### Source material
================
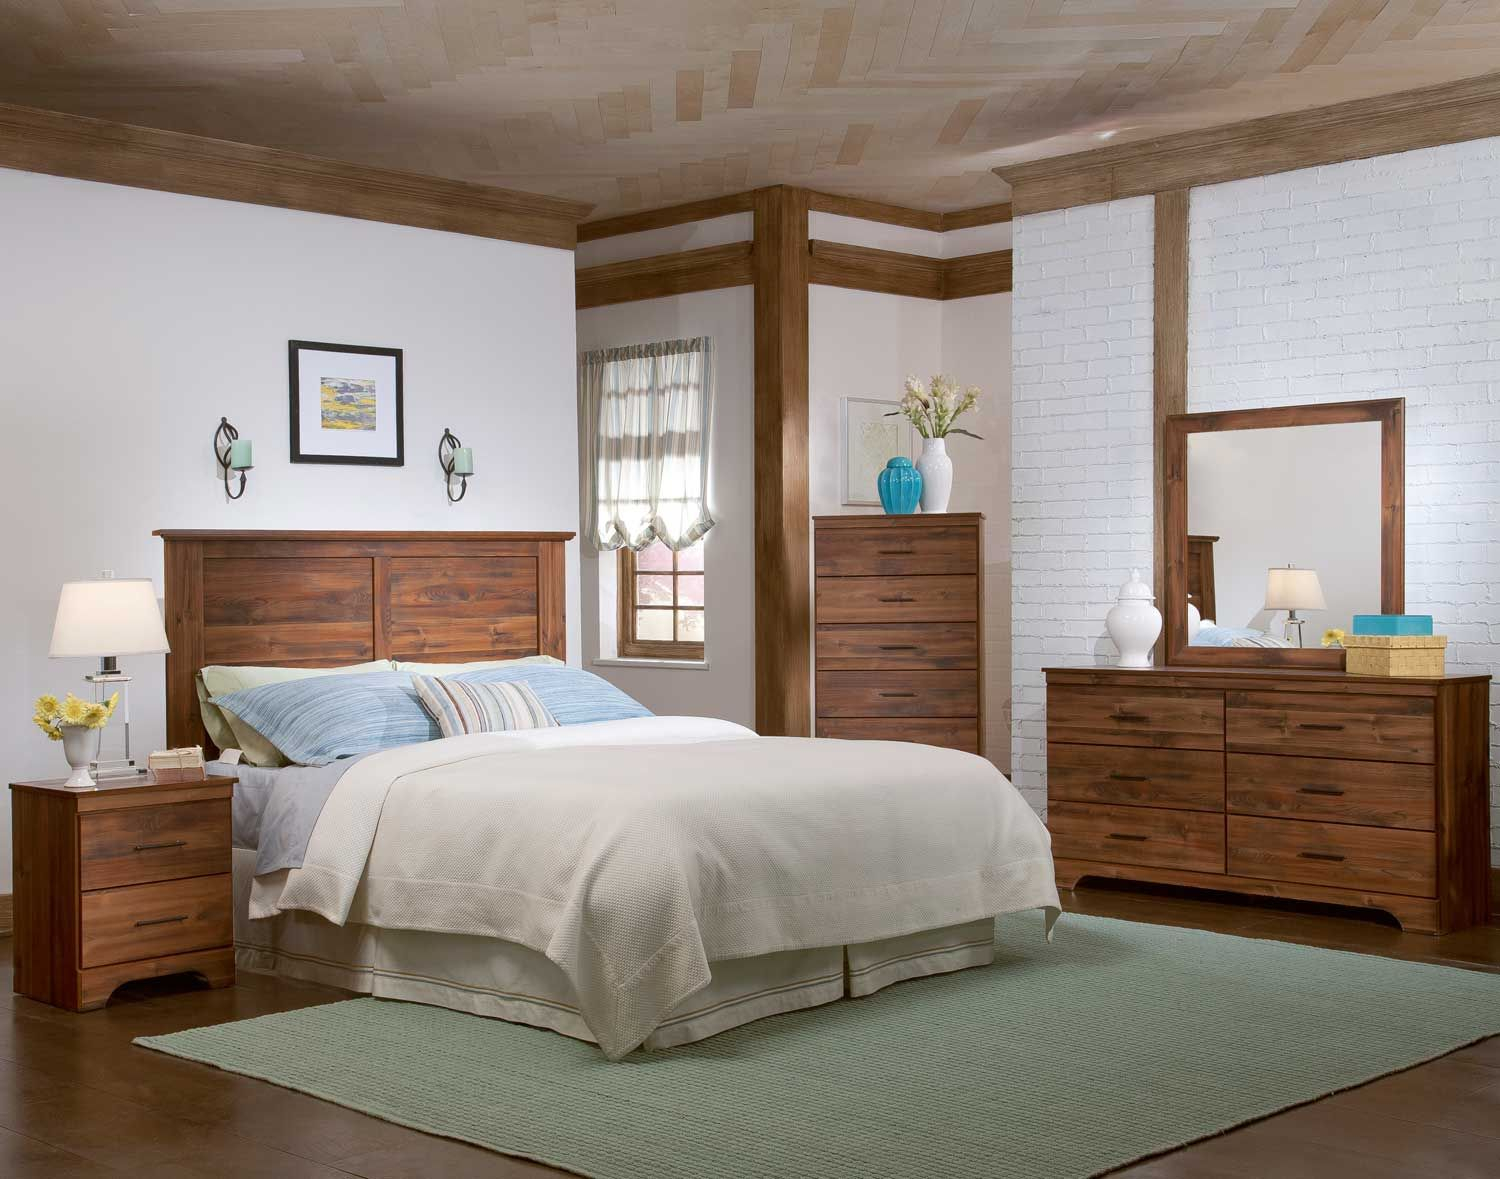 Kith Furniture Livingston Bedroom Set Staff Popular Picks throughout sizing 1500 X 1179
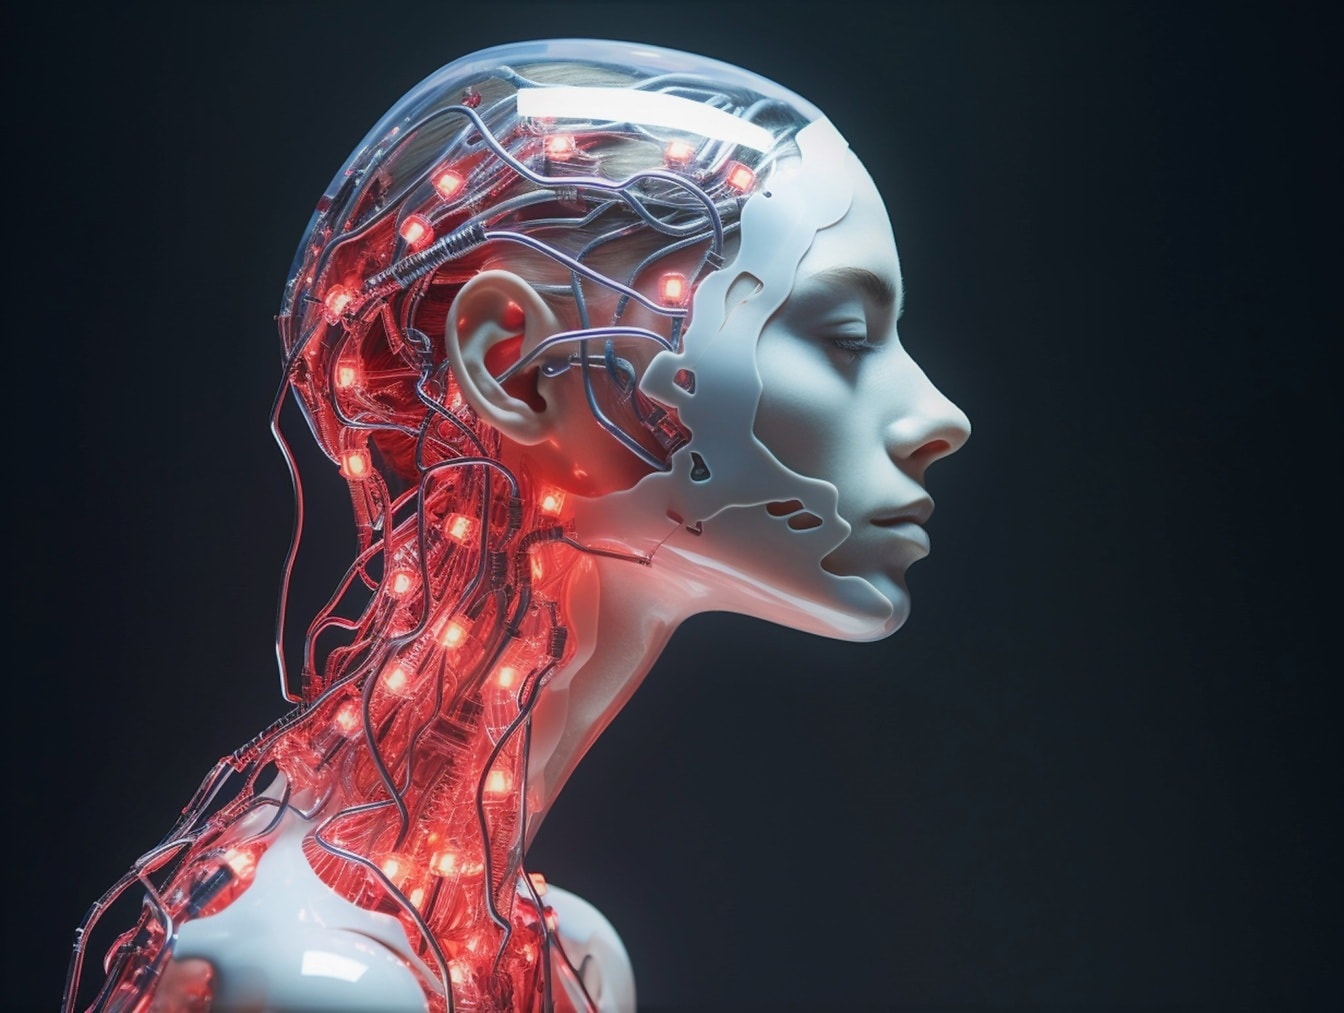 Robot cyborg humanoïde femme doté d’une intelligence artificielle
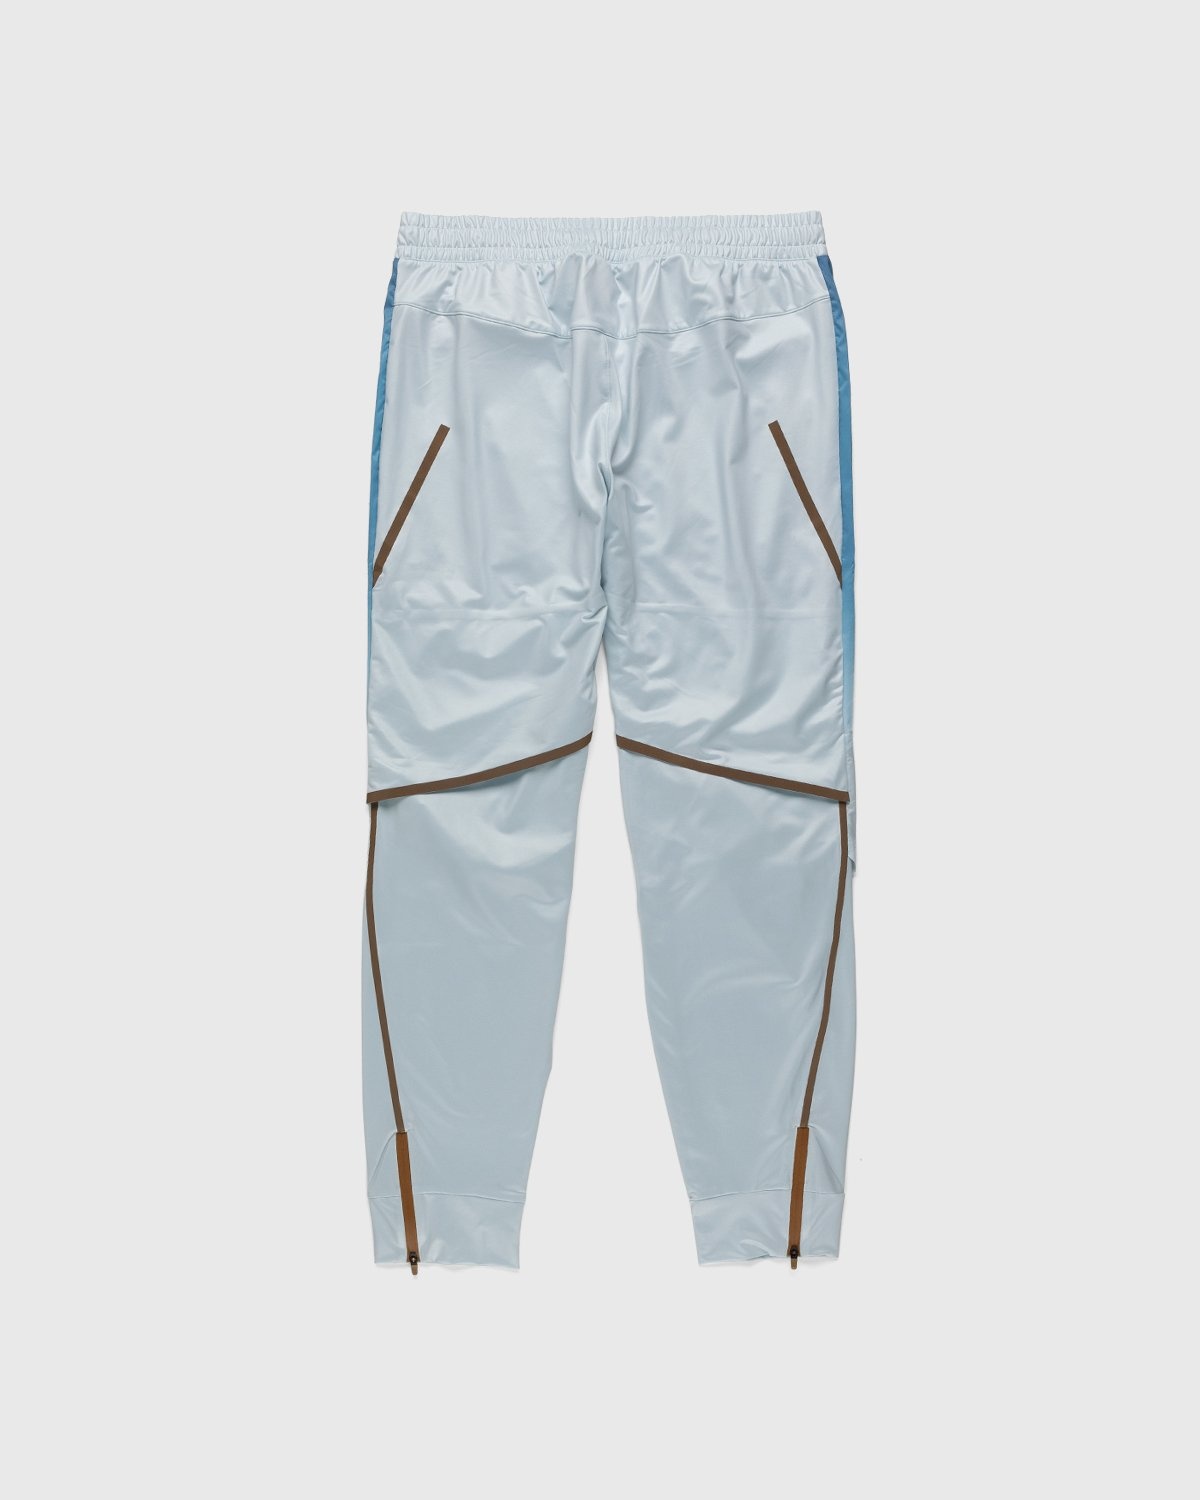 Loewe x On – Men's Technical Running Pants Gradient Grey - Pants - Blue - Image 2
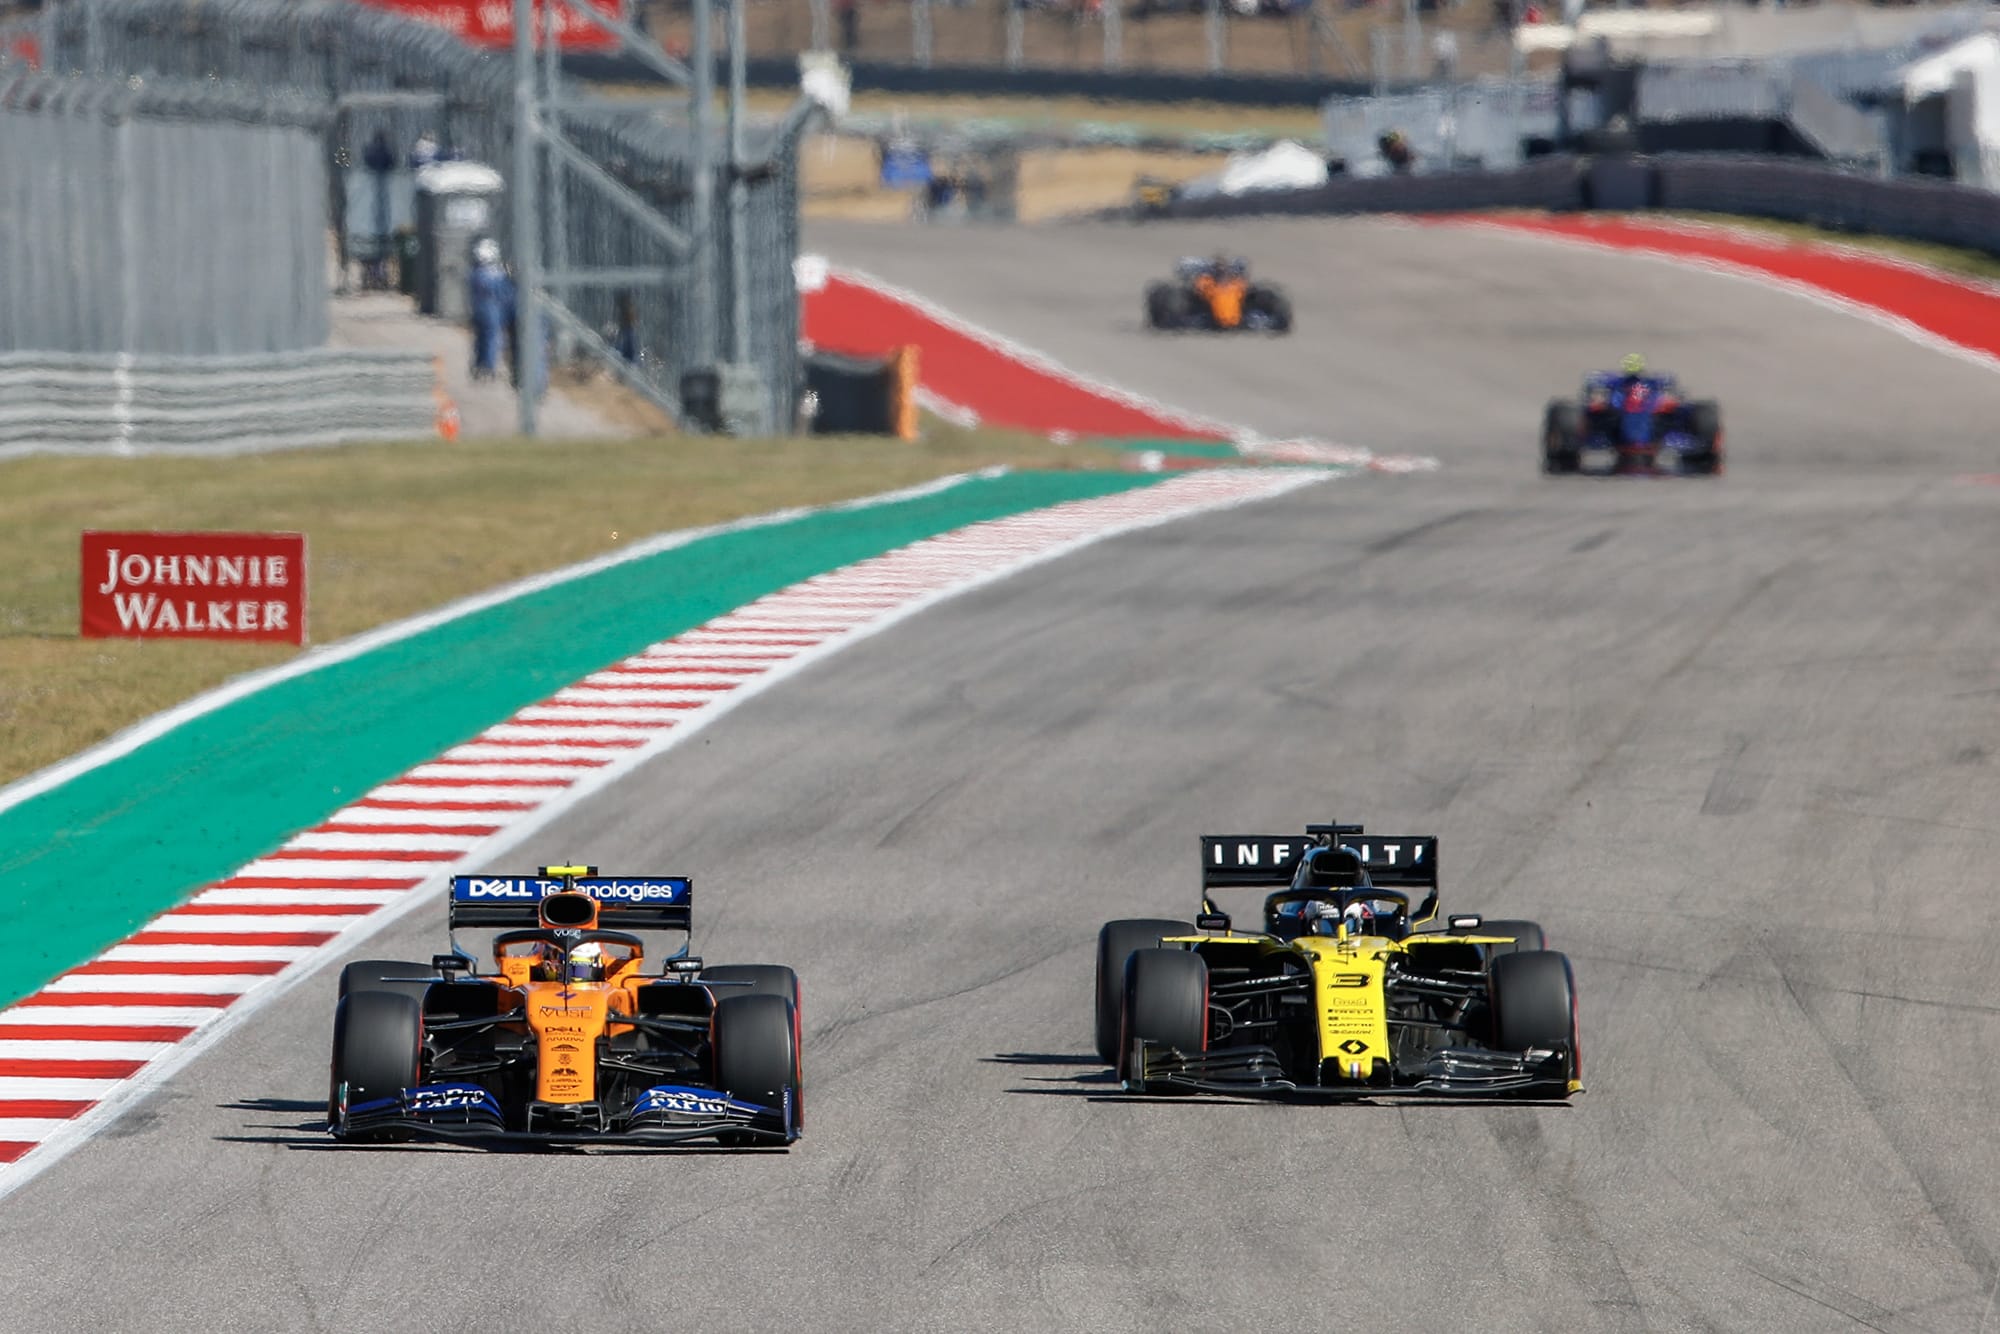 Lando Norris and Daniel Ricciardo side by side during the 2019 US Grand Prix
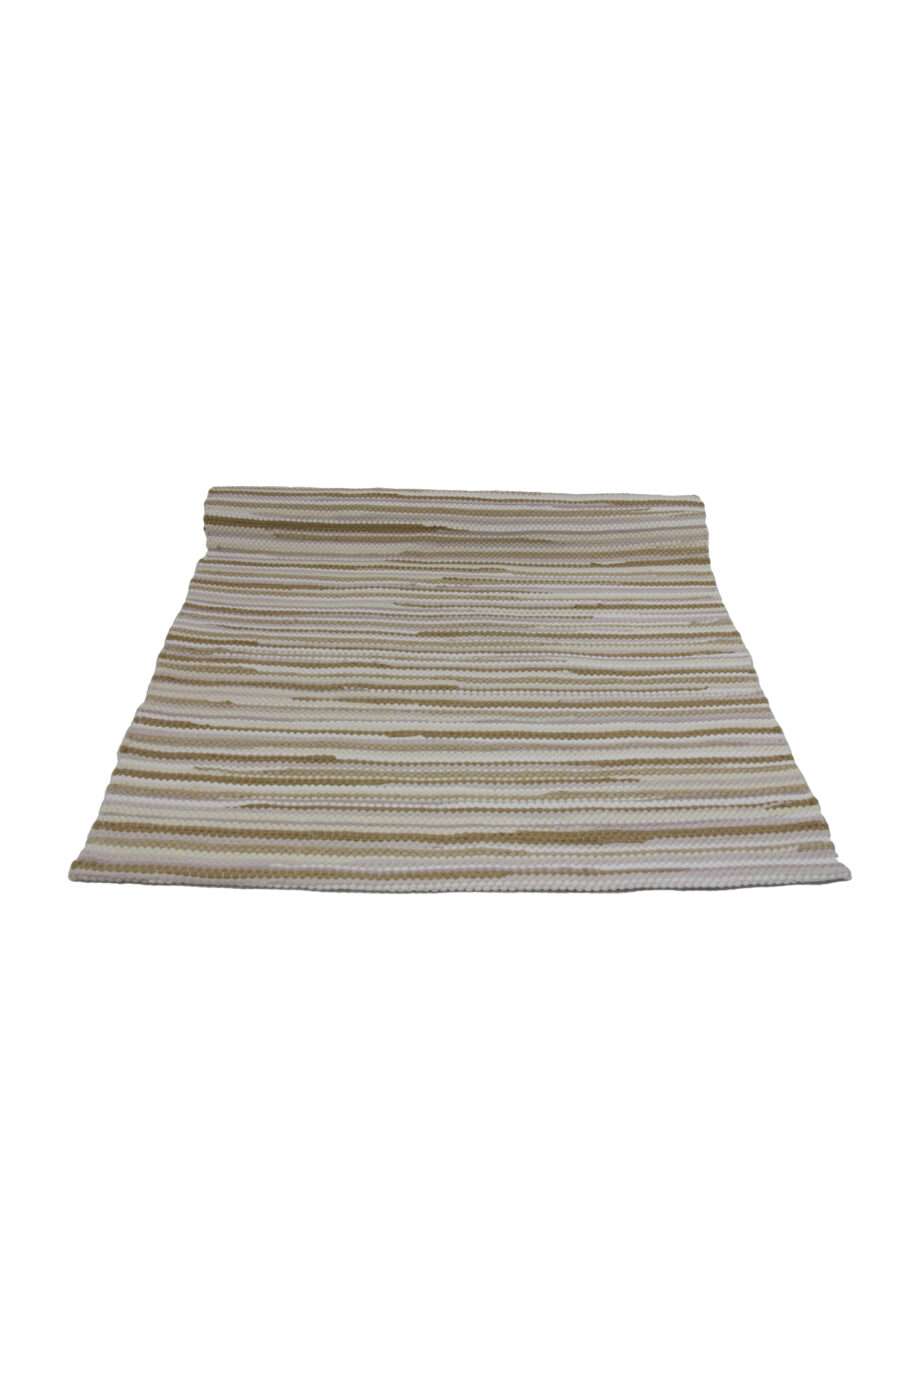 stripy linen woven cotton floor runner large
================
### To do
Would you print all of the entries exactly, omitting any image?

### Solution for this exercise
 Kith Furniture Livingston Bedroom Set Staff Popular Picks throughout sizing 1500 X 1179
 Robot cyborg humanoïde femme doté d’une intelligence artificielle
 Loewe x On – Men's Technical Running Pants Gradient Grey - Pants - Blue - Image 2
 Lando Norris and Daniel Ricciardo side by side during the 2019 US Grand Prix
 stripy linen woven cotton floor runner large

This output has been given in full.